A oposição se reúne, na manhã desta terça-feira, para debater um relatório paralelo e traçar estratégias para a instalação de comissão com o objetivo de continuar as investigações na Casa no próximo ano. Vão participar do encontro os líderes do PPS, Rubens Bueno (PR); do PSDB, Antônio Imbassahy (BA); do DEM, Mendonça Filho (PE); do PSB, Beto Albuquerque (RS) e do Solidariedade, Francisco Francischini (PR). A oposição, de acordo com Rubens Bueno, pode chegar a pedir o indiciamento da presidente Dilma Rousseff, que comandava o Conselho Administrativo da Petrobras quando a empresa comprou a refinaria de Pasadena, o que teria gerado um prejuízo de US$ 792 milhões.

Os governistas ressaltam a agilidade da polícia e da Justiça como justificativas para a “falta de novidades” no relatório oficial. Aliados do Planalto argumentam que é impossível dimensionar o prejuízo resultante da falta da documentação da delação premiada que a CPI não pôde consultar. O Supremo Tribunal Federal (STF), temendo vazamentos para a imprensa, não compartilhou os depoimentos sigilosos que apontam o envolvimento de dezenas de políticos no escândalo.
“Não existe blindagem. O que existe é uma composição. Os deputados têm tido sabedoria para entender quando a intenção é somente o desgaste público”, disse ao Estado de Minas o líder do PT na Câmara, Vicentinho (PT-SP), sobre os requerimentos propostos pela oposição e não apreciados. “Eles ainda não desceram do palanque, o componente eleitoral continua vivo. Convocamos diretores, a presidente da Petrobras (Graça Foster), o ex-presidente, a CPI cumpriu o seu papel”, justificou.

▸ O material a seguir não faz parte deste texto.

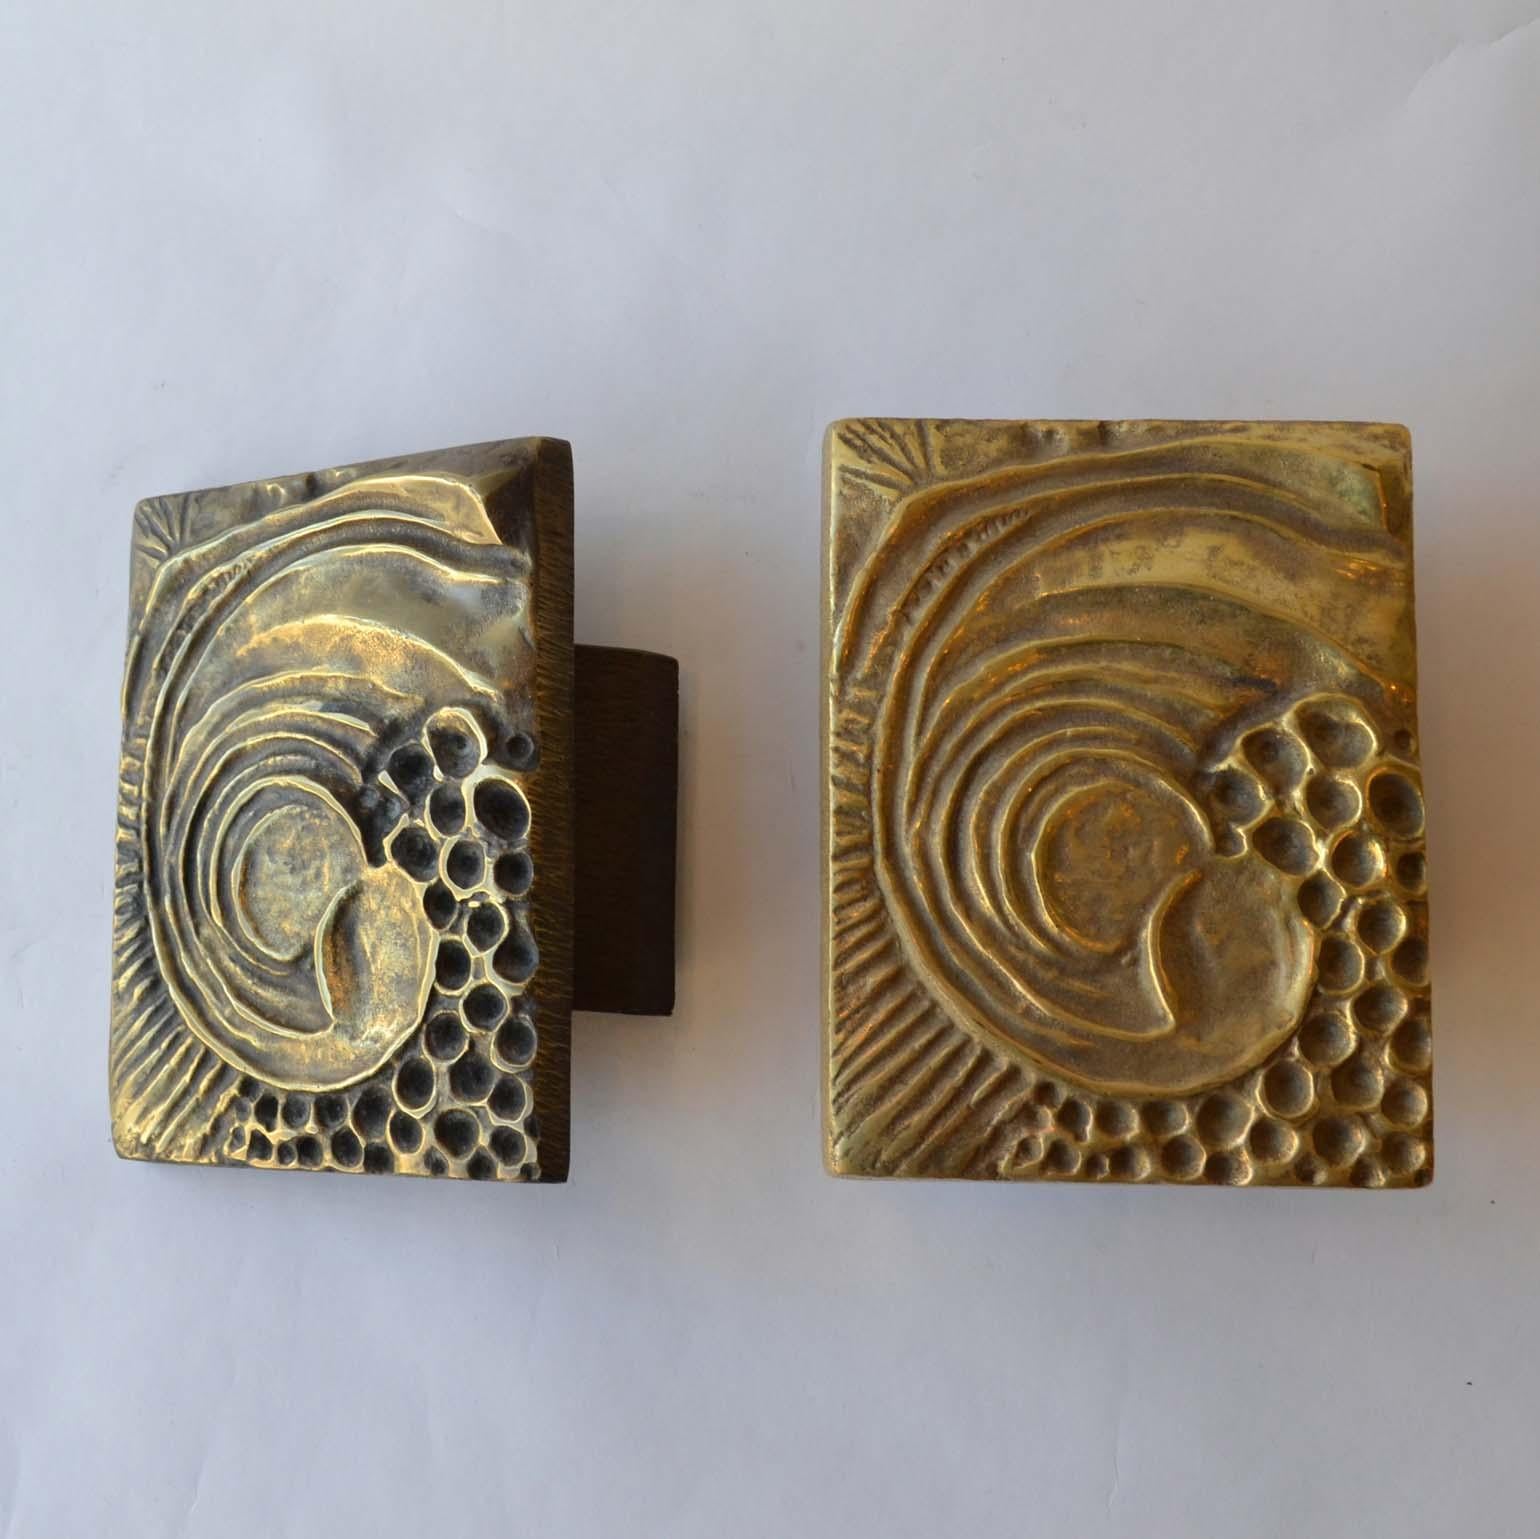 Late 19th Century 1970s Brutalist Pair of Bronze Push and Pull Door Handles with Abstract Relief

Um dos raros momentos em que a CPI Mista conseguiu driblar o script chapa-branca ocorreu na semana passada durante acareação entre Paulo Roberto Costa e o ex-diretor da área Internacional da Petrobras Nestor Cerveró. Costa afirmou que “dezenas” de políticos estão envolvidos no escândalo e repetiu várias vezes que confirmava tudo o que informou à Justiça Federal. Segundo ele, “o que acontecia na Petrobras acontece no país inteiro”, incluindo obras como rodovias, ferrovias, portos, aeroportos e hidrelétricas.

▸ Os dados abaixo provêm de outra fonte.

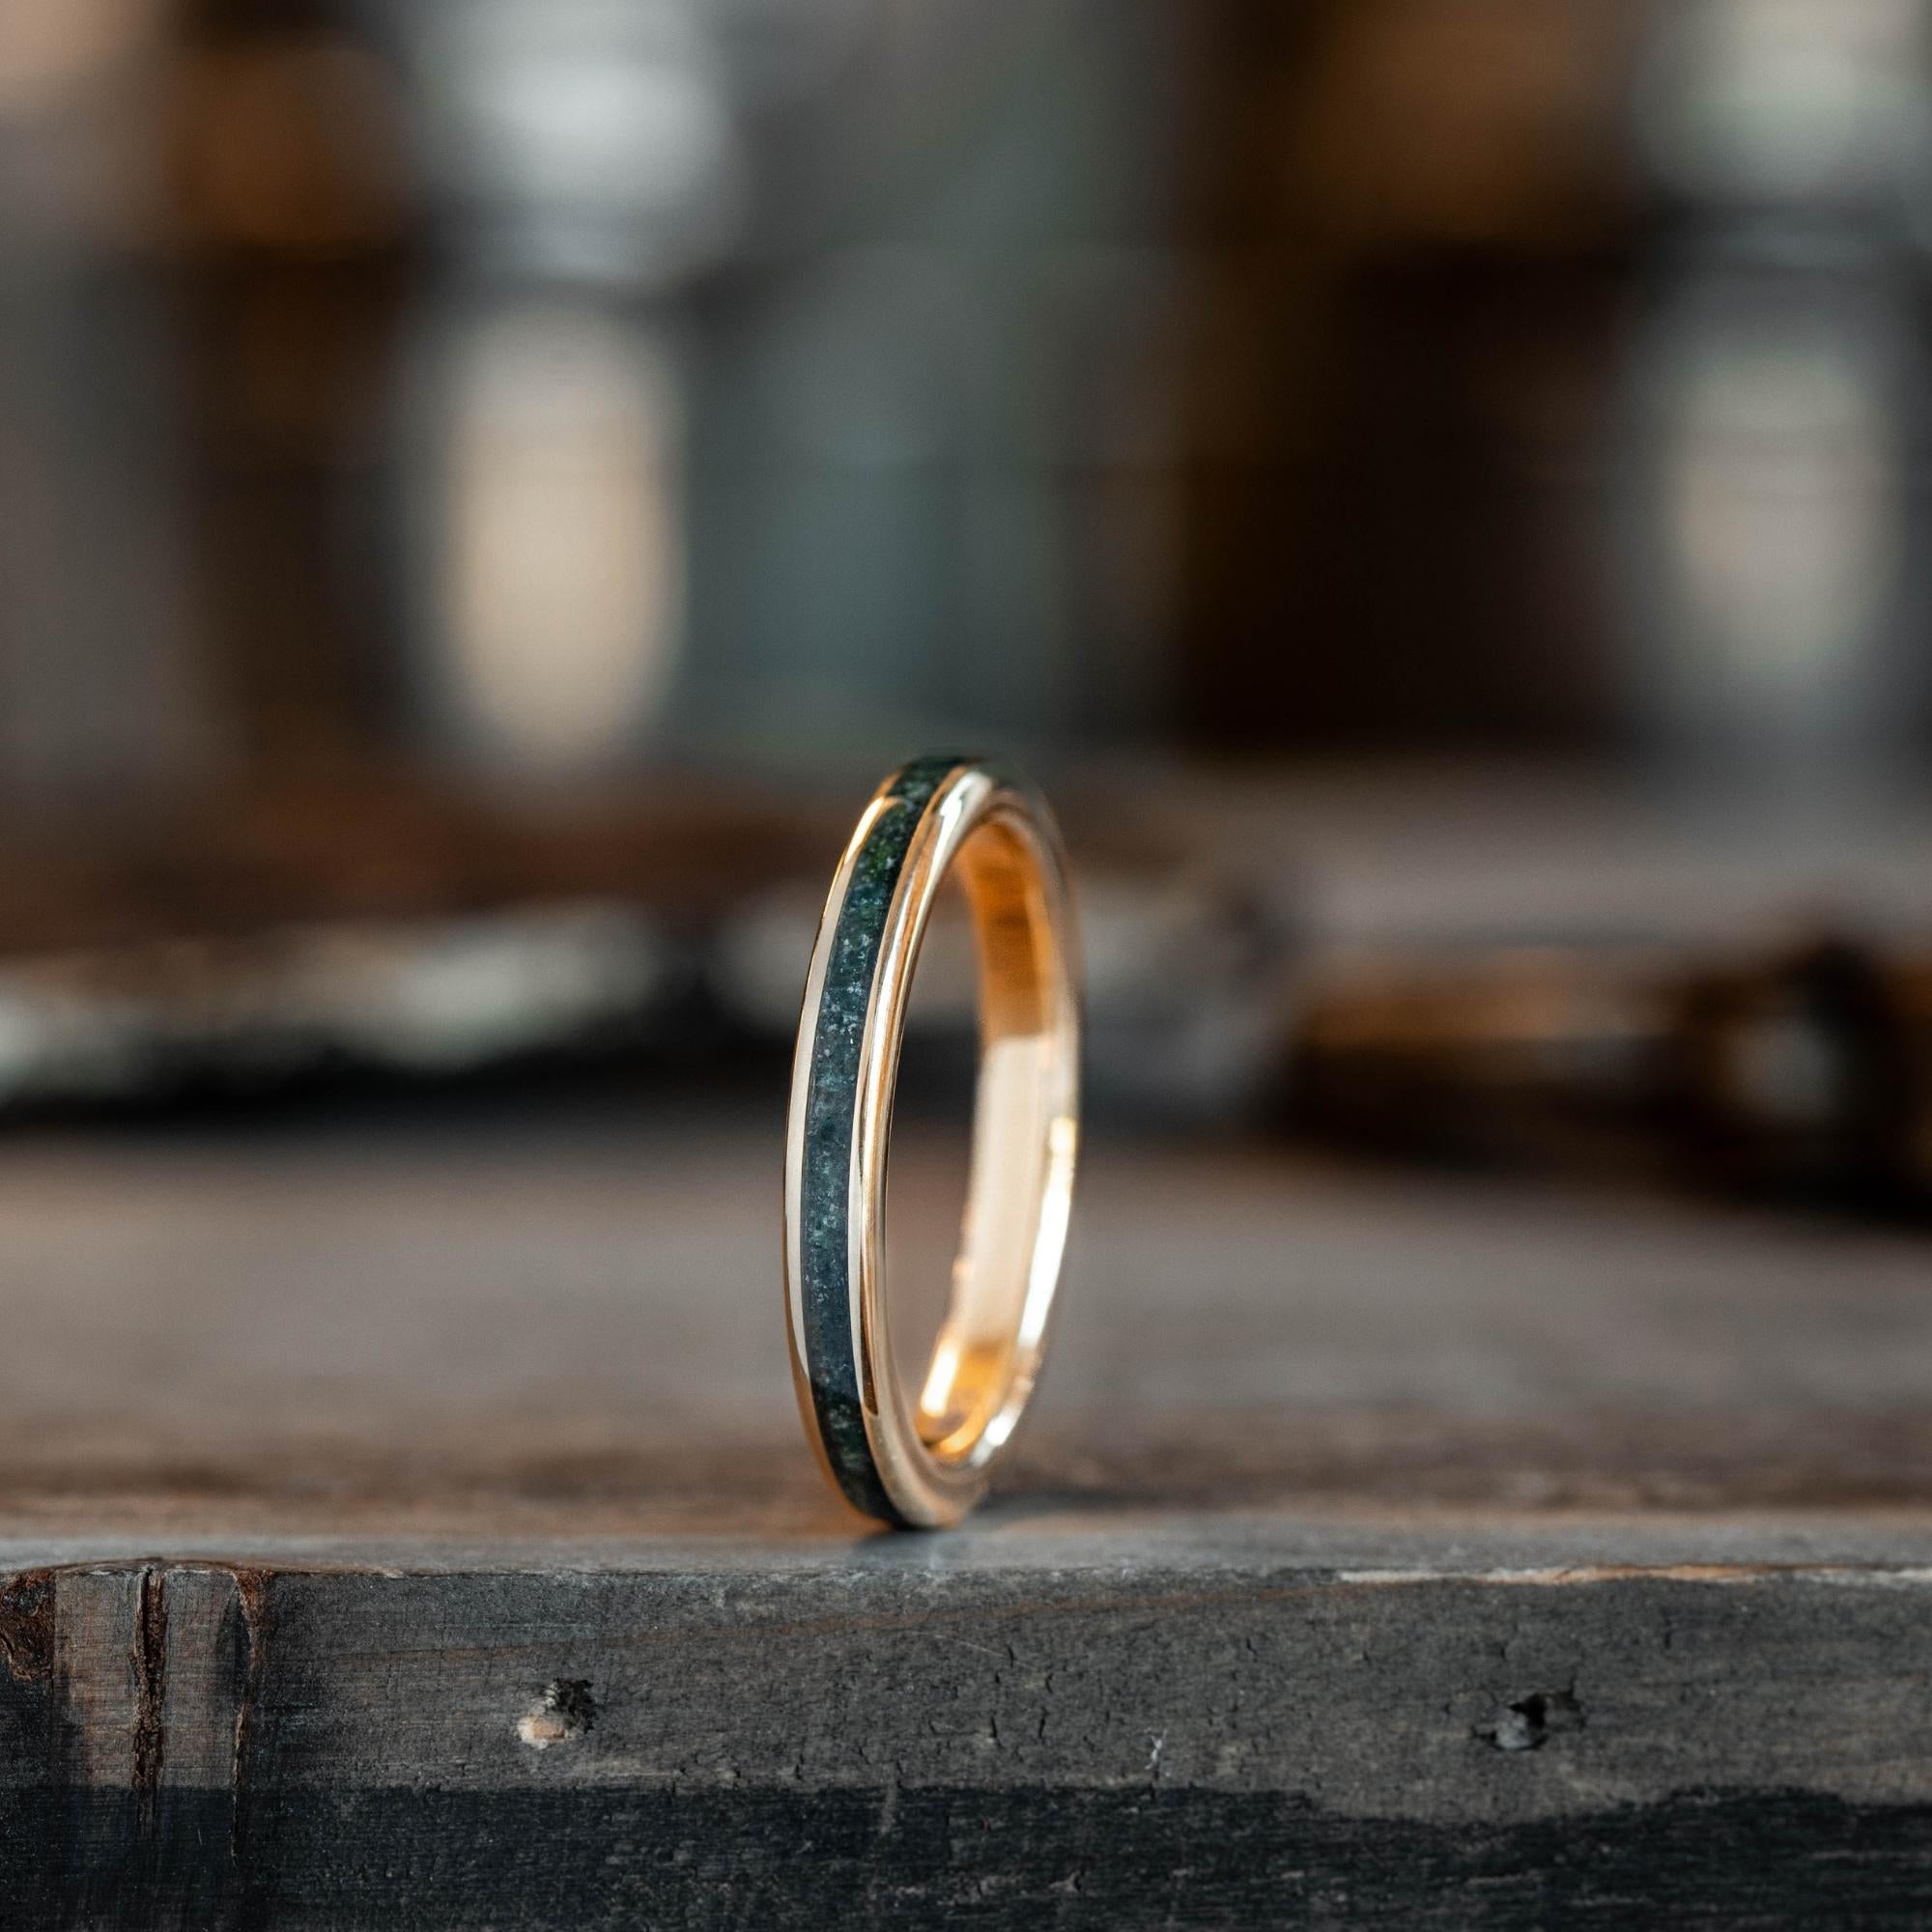 The Shenandoah | Men's Gold Moss Agate Wedding Band with Gold Flakes | Rustic and Main

Cerveró, por sua vez, defendeu as mesmas posições de quando depôs à CPI Mista, em setembro, negando conhecimento do esquema, apesar de ter sido beneficiado por ele, conforme Paulo Roberto Costa. Mesmo admitindo ter participado do esquema criminoso, o ex-diretor de Abastecimento da estatal se disse “arrependido” e “enojado” com a corrupção na petrolífera.

Cancelamento

A falta de motivação da CPI é tamanha que, em 3 de dezembro, o depoimento do ex-diretor de Gás e Energia da Petrobras Ildo Sauer foi cancelado. Mesmo assim, três deputados da oposição resolveram ouvi-lo. Entre outros pontos, Ildo disse que a presidente Dilma Roussseff “tem mais habilidade em buscar culpados do que buscar soluções” e negou qualquer conhecimento sobre o esquema de corrupção na petrolífera.“Temos uma situação muito interessante.”

O presidente da CPI Mista, senador Vital do Rêgo (PMDB-PB), que durante todo o tempo atrasou a investigação e empacou o desenvolvimento dos trabalhos, agora foi indicado para o TCU. “Espero que lá ele possa investigar melhor a Petrobras do que fez aqui”, criticou o deputado federal Onyx Lorenzoni (DEM-RS). Vital do Rêgo já teve o nome aprovado no plenário do Senado e aguarda resultado positivo na Câmara para assumir a vaga de ministro no Tribunal de Contas da União (TCU), que também investiga a estatal.